I’ve copied the code exactly but my function that should be run on success is never called. As an experiment, in the call to $.post I commented out the data part ({sendValue:str}) and the JSON part and added an alert into the body of the success function to see if it was called and it was. So I’m guessing there’s something wrong with how I’ve created my data? I also tried to display the data returned from the AJAX call in the alert and it came out as ‘undeclared’ (data.returnValue).

This is a copy of my code, you can see the full example via the link above and also a working example from the author of the tutorial here: http://www.devirtuoso.com/Examples/jQuery-Ajax/

JQuery:

        $(document).ready(function(){
            $('#txtValue').keyup(function(){
                sendValue($(this).val());
            });
        });

        function sendValue(str){
            $.post("ajax.php",
                   { sendValue: str },
                   function(data){
                       $('#display').html(data.returnValue);
                   },
                    "json"
            );
        }

PHP:

<?php

//Get Post Variables. The name is the same as
//what was in the object that was sent in the jQuery
if (isset($_POST['sendValue'])){
    $value = $_POST['sendValue'];  
}else{
    $value = "";
}

//Because we want to use json, we have to place things in an array and encode it for json.
//This will give us a nice javascript object on the front side.
echo json_encode(array("returnValue"=>"This is returned from PHP : ".$value));

?>

HTML:

    <body>

    <p>On keyup this text box sends a request to PHP and a value is returned.</p>

    <label for="txtValue">Enter a value : </label><input type="text" name="txtValue" value="" id="txtValue">

    <div id="display"></div>

</body>

Thanks!

EDIT:
I rewrote my $.post into a $.ajax with an error function in it.
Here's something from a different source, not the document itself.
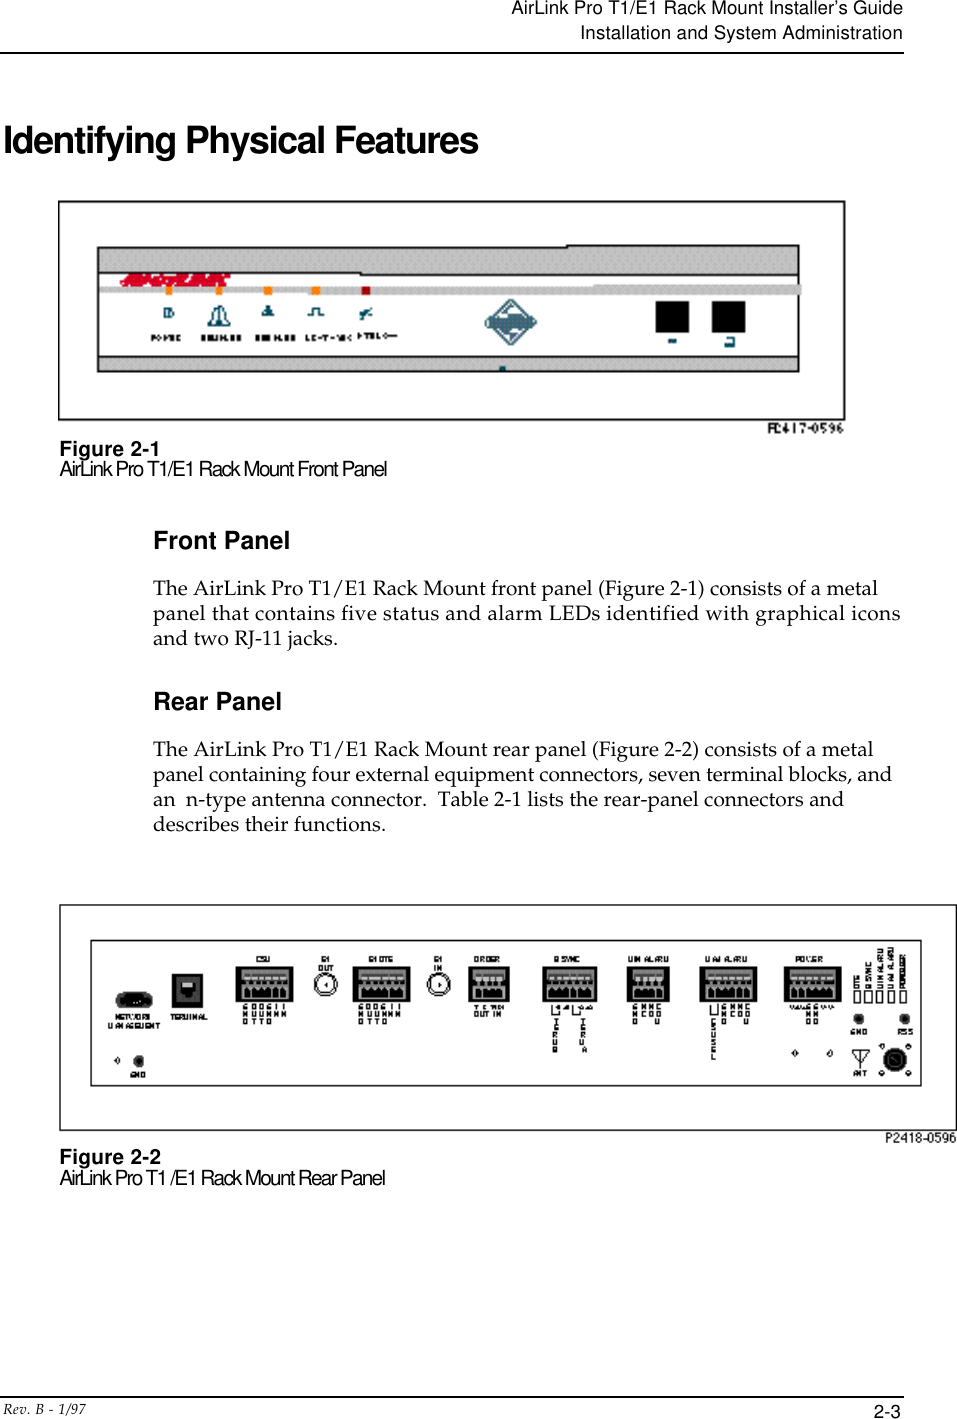 AirLink Pro T1/E1 Rack Mount Installer’s GuideInstallation and System AdministrationRev. B - 1/97 2-3Identifying Physical FeaturesFigure 2-1AirLink Pro T1/E1 Rack Mount Front PanelFront PanelThe AirLink Pro T1/E1 Rack Mount front panel (Figure 2-1) consists of a metalpanel that contains five status and alarm LEDs identified with graphical iconsand two RJ-11 jacks.Rear PanelThe AirLink Pro T1/E1 Rack Mount rear panel (Figure 2-2) consists of a metalpanel containing four external equipment connectors, seven terminal blocks, andan  n-type antenna connector.  Table 2-1 lists the rear-panel connectors anddescribes their functions.Figure 2-2AirLink Pro T1 /E1 Rack Mount Rear Panel

I’m definitely hitting the error function and the error is a parse error – I’m guessing it’s coming from my PHP script when I call json_encode… here’s a screenshot from firebug – anyone got any more ideas?:

Screenshot 1 – firebug console

Screenshot 2 – firebug watch window

screen grab of firefox console
screen grab of watch on error function

Thanks for all the help so far by the way, really appreciate it.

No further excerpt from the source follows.